“Luka yang Tak Terlihat” karya Devi Permata Sari
Tema:
Kisah tentang perjuangan melawan penghinaan dan trauma masa lalu yang tak
terlihat, hingga akhirnya menemukan kekuatan untuk bangkit. Tema ini berfokus
pada ketidak adilan sosial, kehancuran mental, dan kebangkitan dari luka batin yang
tersembunyi.
Tokoh:
1. Firman : Tokoh utama, seorang pemuda berusia 25 tahun yang cerdas namun
memiliki trauma mendalam akibat penghinaan yang terus-menerus. Dia
digambarkan sebagai pria pendiam yang penuh tekad.
2. Devi : Adik perempuan firman yang berusia 20 tahun. Dia ceria, optimis, dan
selalu berusaha menyemangati firman untuk tidak menyerah.
3. Pak nasib : Seorang pengusaha berusia 50-an yang keras dan sering
meremehkan firman. Ia memiliki pengaruh besar di desa dan sering menghina
keluarga firman.
4. Ibu Firman : Wanita tua yang sakit-sakitan. Meski kondisinya lemah, dia
menjadi sumber kekuatan dan semangat bagi Firman untuk terus bertahan.
5. Maya : Sahabat masa kecil firman yang kini bekerja sebagai perawat. Dia
memiliki hubungan yang dekat dengan maya dan selalu berusaha menguatkan
mentalnya.
Setting (Tempat, Waktu, dan Suasana):
Tempat:
1. Desa tempat firman dibesarkan :
Sebuah desa kecil yang terpencil, dengan suasana tradisional yang tenang namun
penuh gosip dan hinaan.
2. Kota tempat firman bekerja :
Sebuah kota yang ramai dan penuh persaingan. Di kota ini, firman bekerja keras
sebagai buruh pabrik.
3. Rumah keluarga Firman:
Sebuah rumah sederhana di desa, tempat di mana ia dan ibunya tinggal. Kondisi
rumah yang tua dan kumuh mencerminkan kesulitan yang mereka hadapi.
4. Klinik desa :
Tempat Devi dan Maya bekerja, yang sering digunakan firman untuk berkonsultasi
tentang kondisi ibunya.
Waktu:
Berlatar di masa kini dengan kilasan balik ke masa lalu saat firman remaja.
Suasana:
1. Masa kini: Suasana tegang dan suram, menunjukkan pergulatan batin
firman yang penuh luka. Ada rasa putus asa, tapi juga secercah harapan.

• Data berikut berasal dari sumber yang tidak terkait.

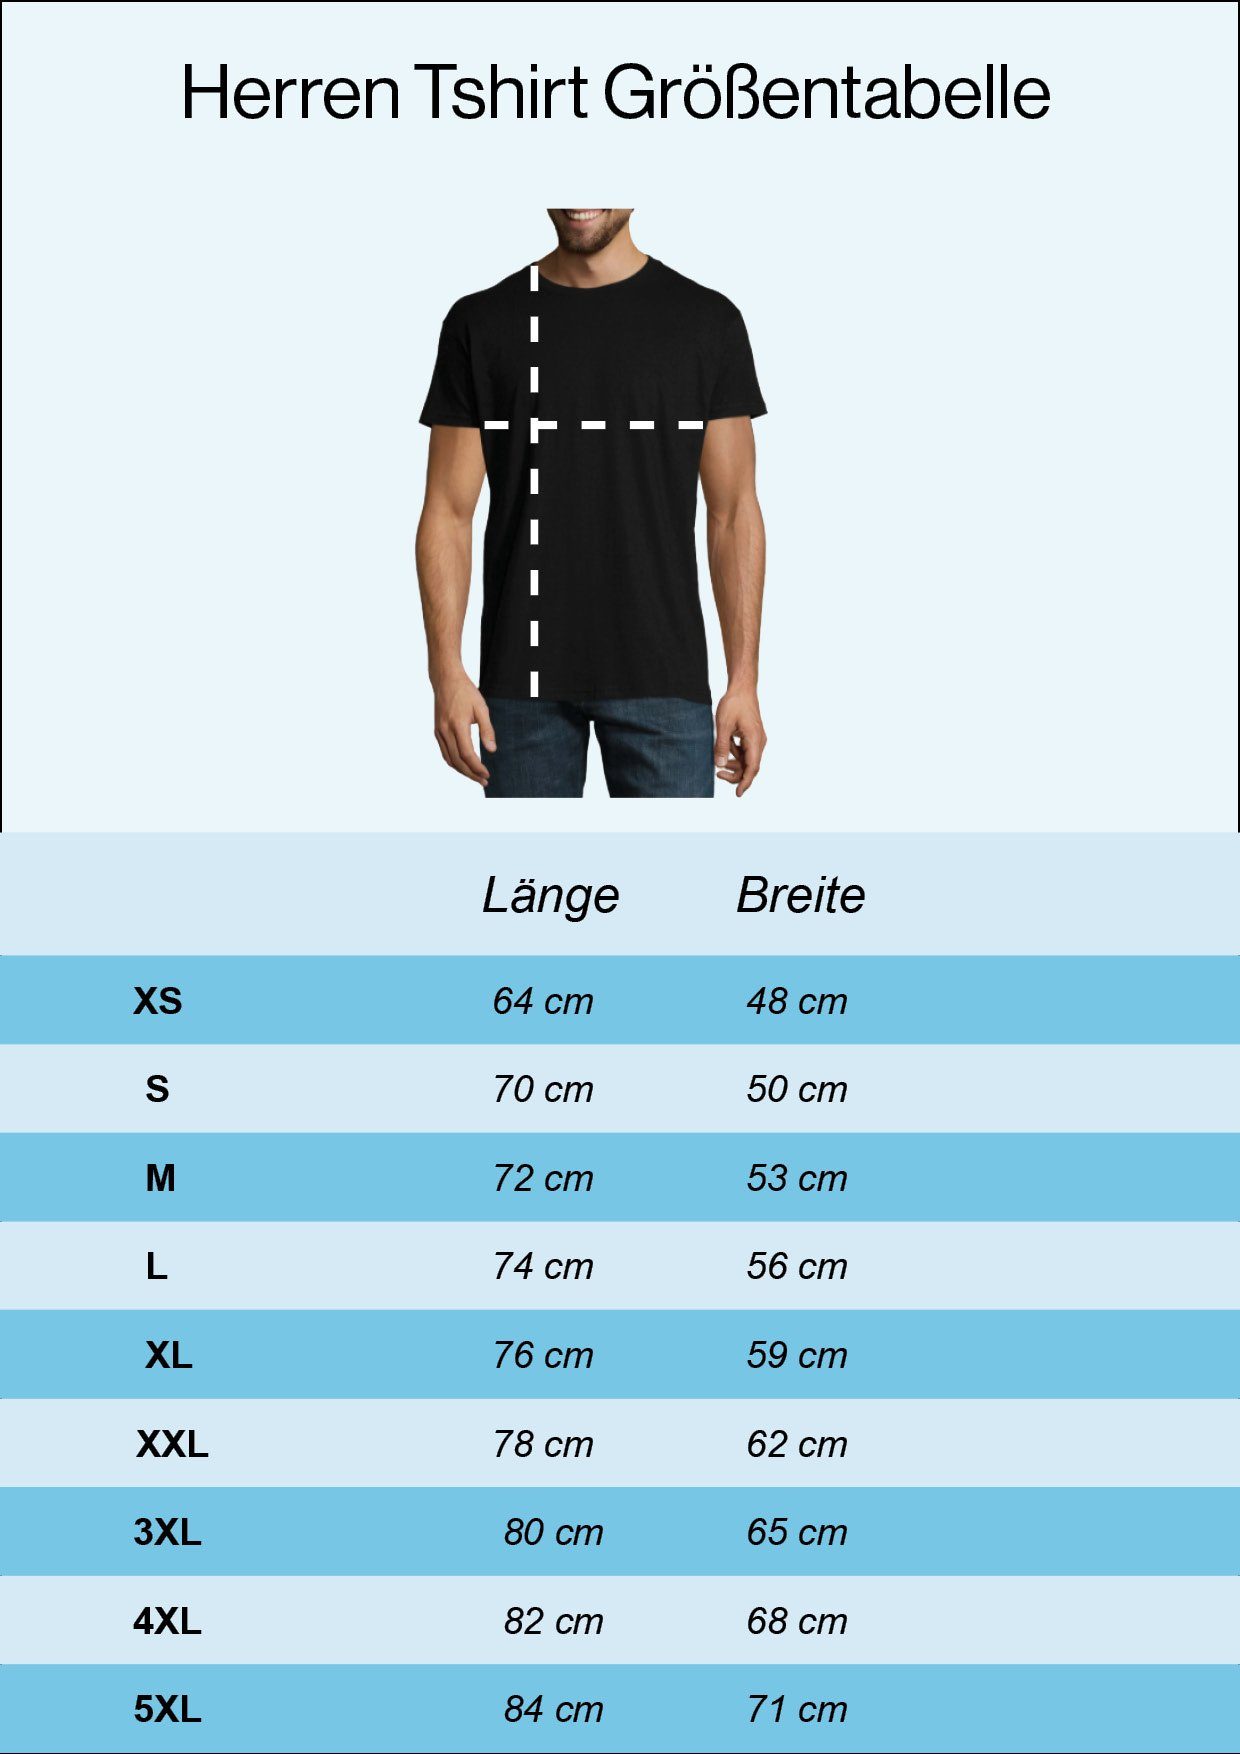 Herren Frontprint Sangre Schwarz T-Shirt Youth mit Sangre Por Shirt Designz trendigem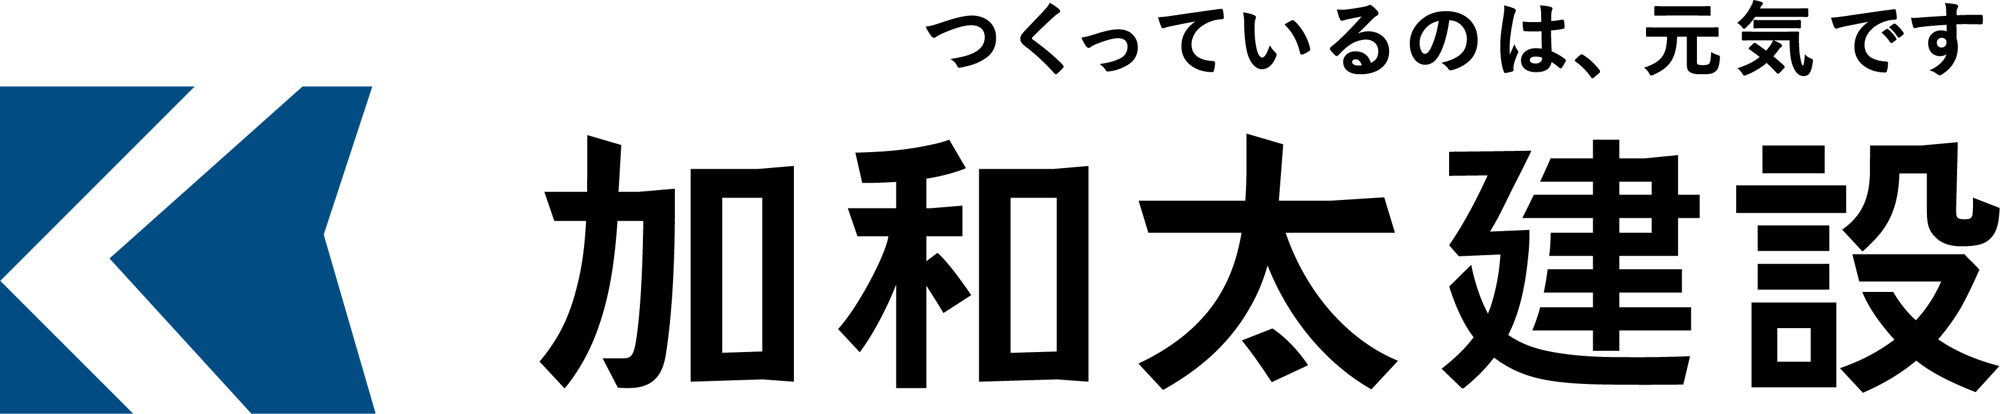 加和太ロゴ(スローガン入り)

2. Masa lalu: Suasana penuh tekanan dan hinaan yang membentuk trauma
firman.
Alur:
Alur dalam cerita ini menggunakan alur maju mundur. Karena cerita bergerak bolak-
balik antara masa lalu firman saat dihina dan dipermalukan oleh lingkungan
sekitarnya, dan masa kini saat ia berusaha bangkit dan membuktikan bahwa ia lebih
dari sekadar anak desa yang dipandang rendah.
Sinopsis:
Firman adalah seorang pemuda pendiam dari desa kecil, hidup di bawah bayang-
bayang penghinaan sejak remaja. Dicap sebagai anak tak berguna oleh tetangga dan
direndahkan oleh Pak nasib, seorang pengusaha kejam di desa, firman membawa
luka yang tak terlihat hingga dewasa. Kehidupan di kota sebagai buruh hanya
menambah tekanan. Namun, demi ibunya yang sakit, firman memutuskan untuk
berjuang. Dengan bantuan Devi, adiknya yang optimis, dan maya, sahabat masa
kecilnya, firman mencoba membalikkan keadaan.Namun,setiap langkahnya menuju
kesuksesan dibayang-bayangi trauma masa lalu. Apakah firman berhasil menutup
luka yang tak terlihat itu?
Dialog:
Part 1 - “Luka Pertama”
Adegan: Firman, masih remaja, diganggu oleh anak-anak desa di halaman sekolah.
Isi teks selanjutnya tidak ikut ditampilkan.